---------- Stored data

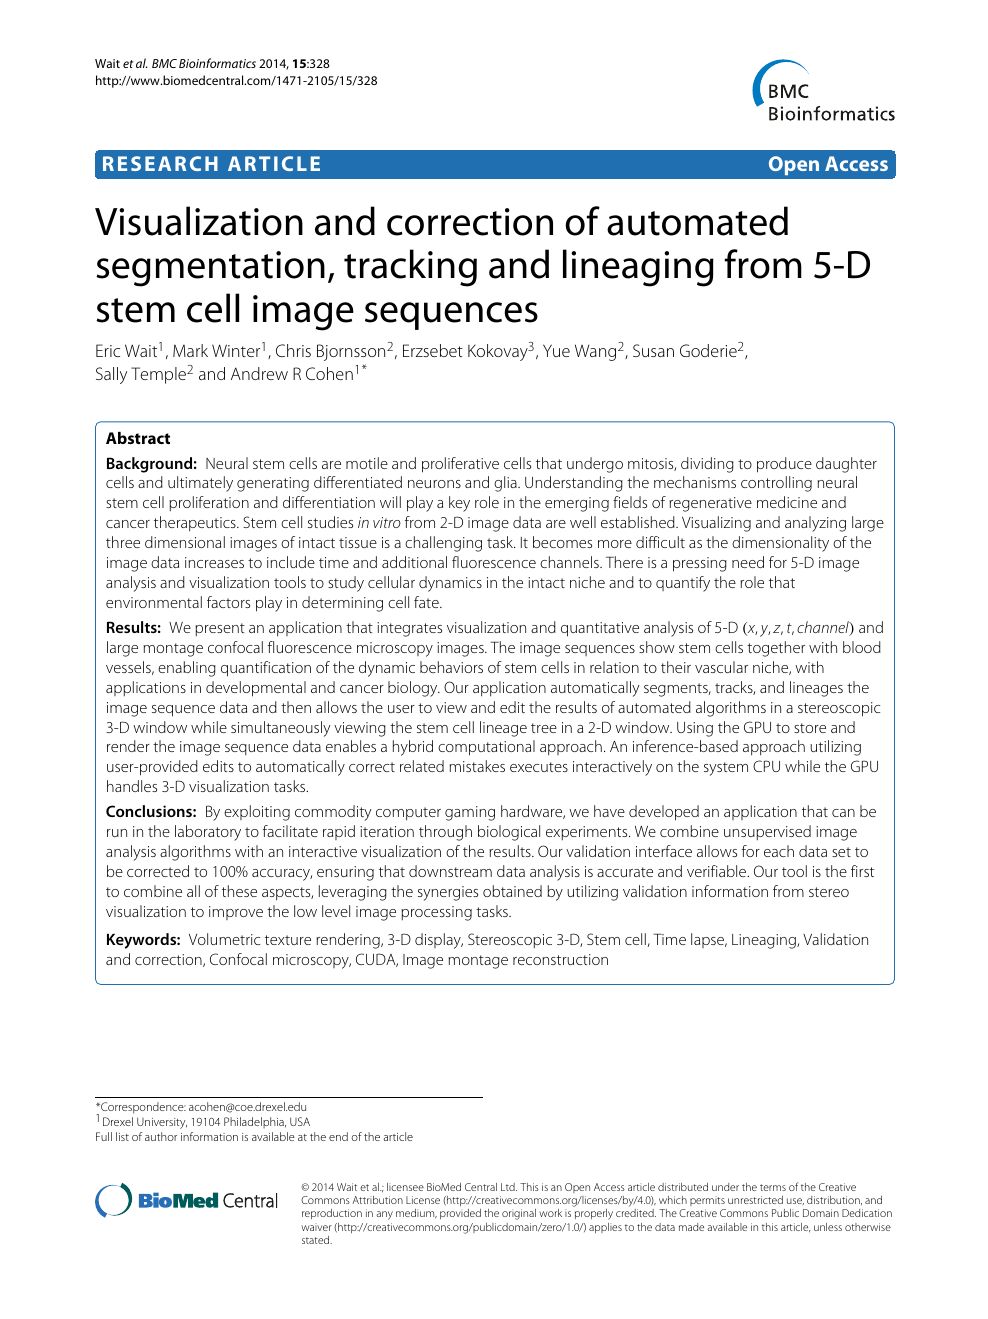 Visualization And Correction Of Automated Segmentation
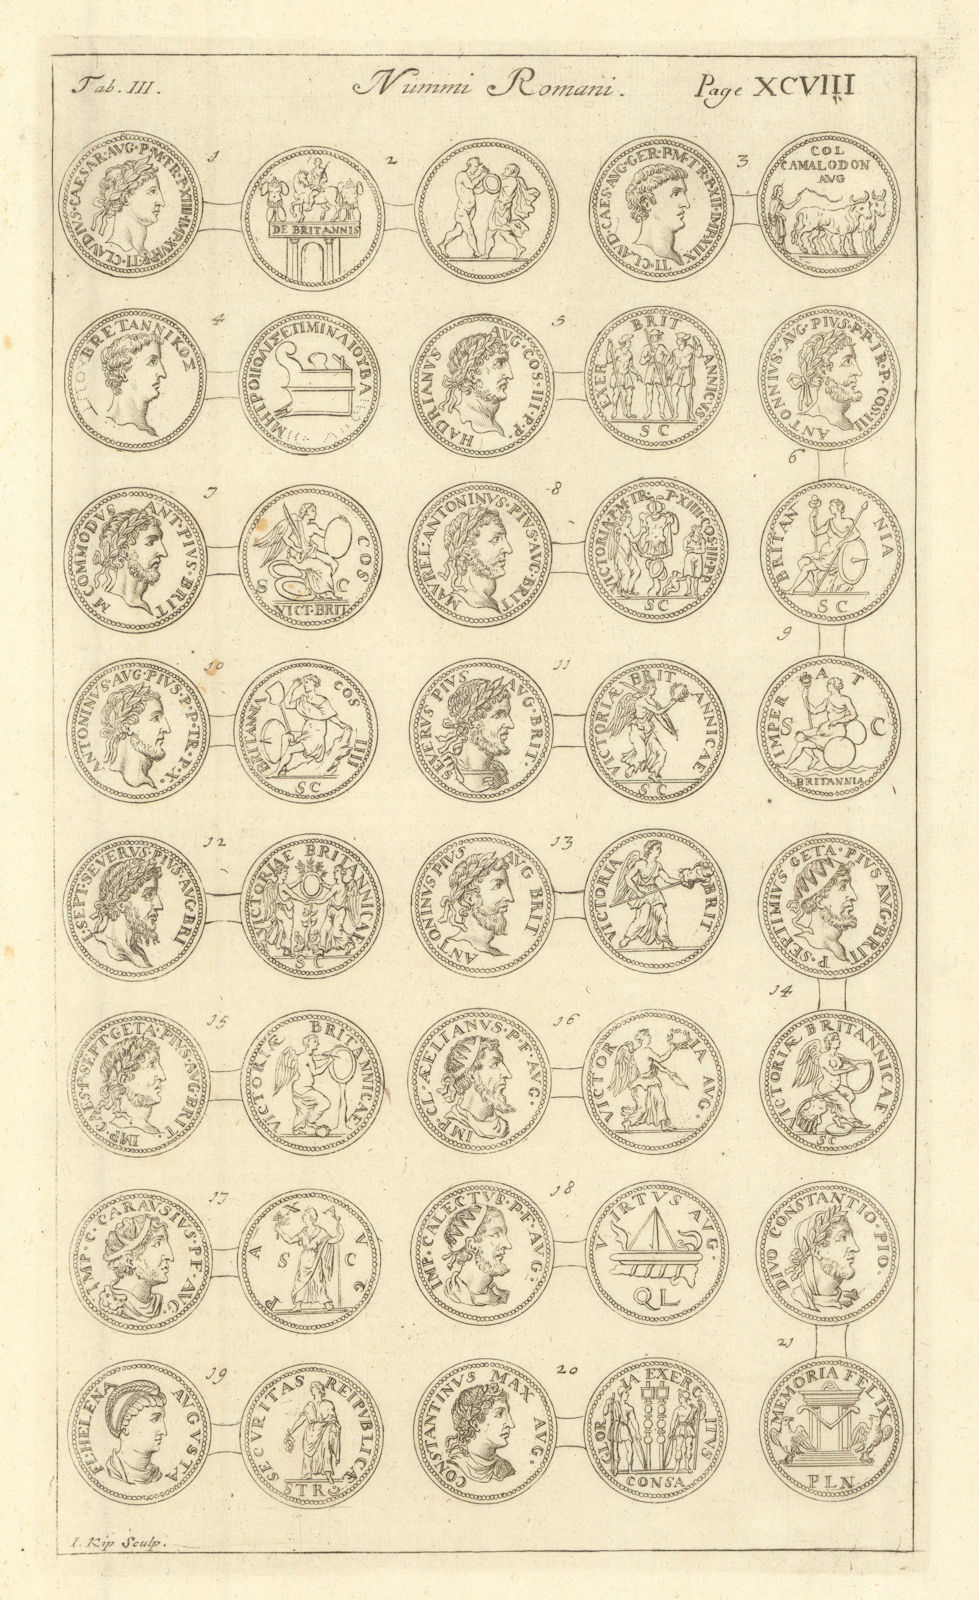 Roman British Coins. 'NUMMI ROMANI' (I)  from Camden's Britannia 1695 print
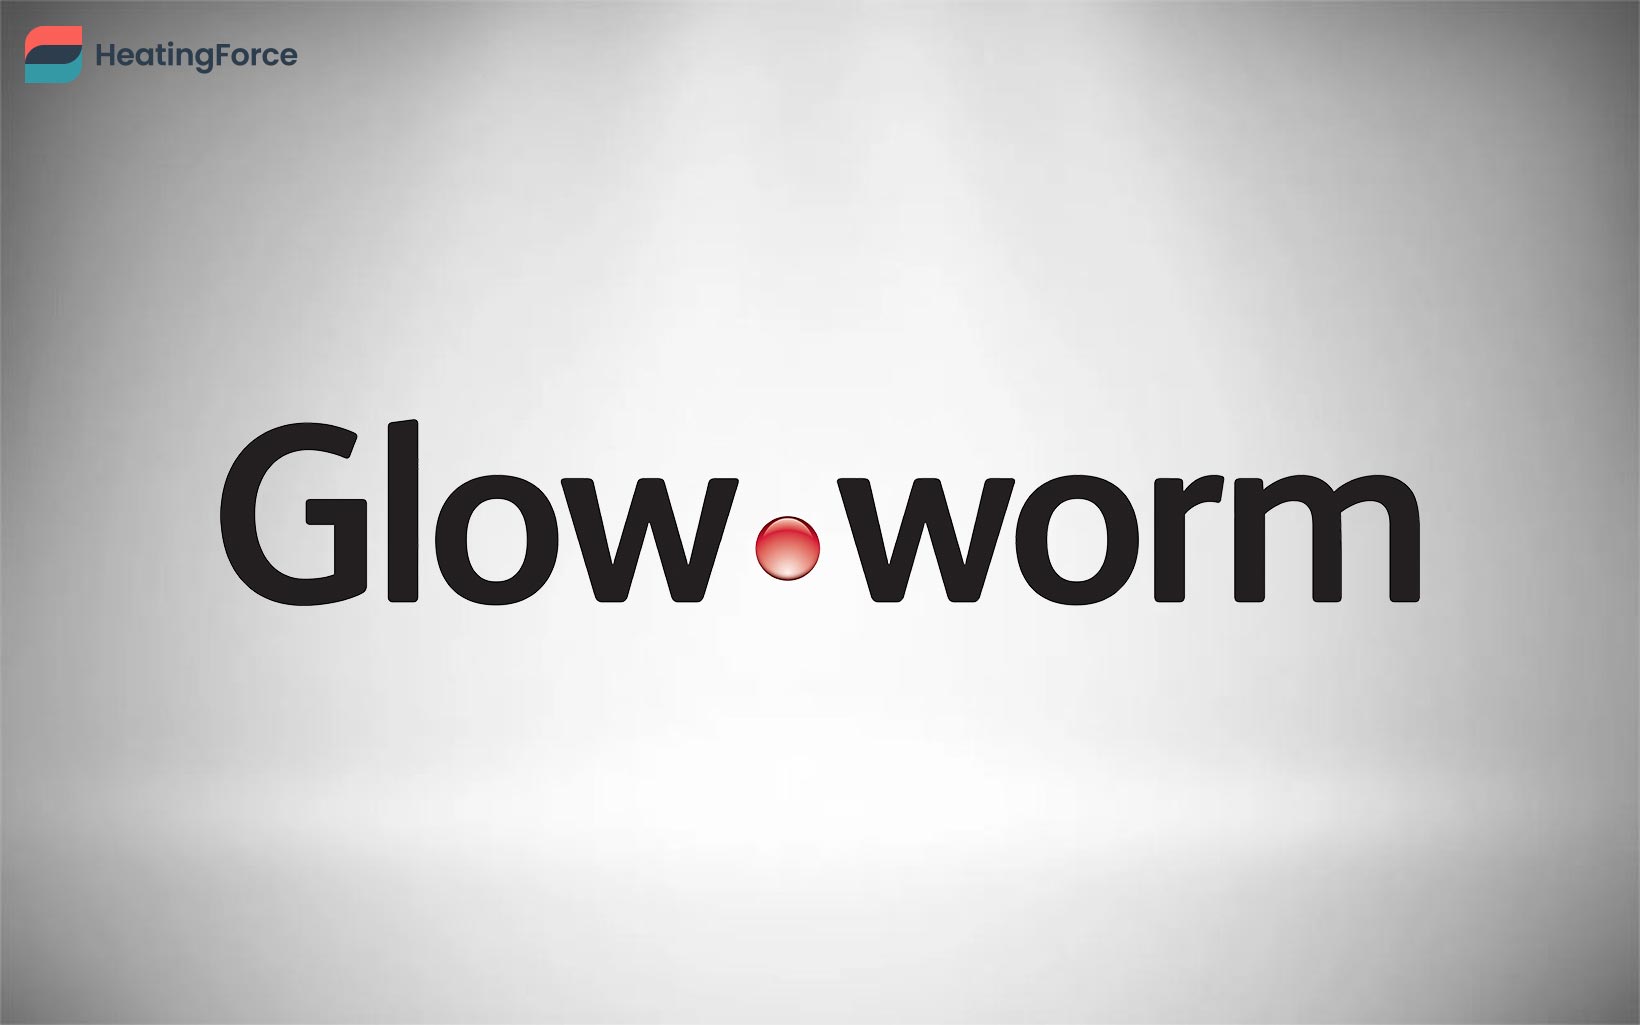 Glow Worm boilers

--------------------

» Assignment:
Output the data exactly, pictures omitted.

» Response:
 Visualization And Correction Of Automated Segmentation
 Roman British Coins. 'NUMMI ROMANI' (I)  from Camden's Britannia 1695 print
 Glow Worm boilers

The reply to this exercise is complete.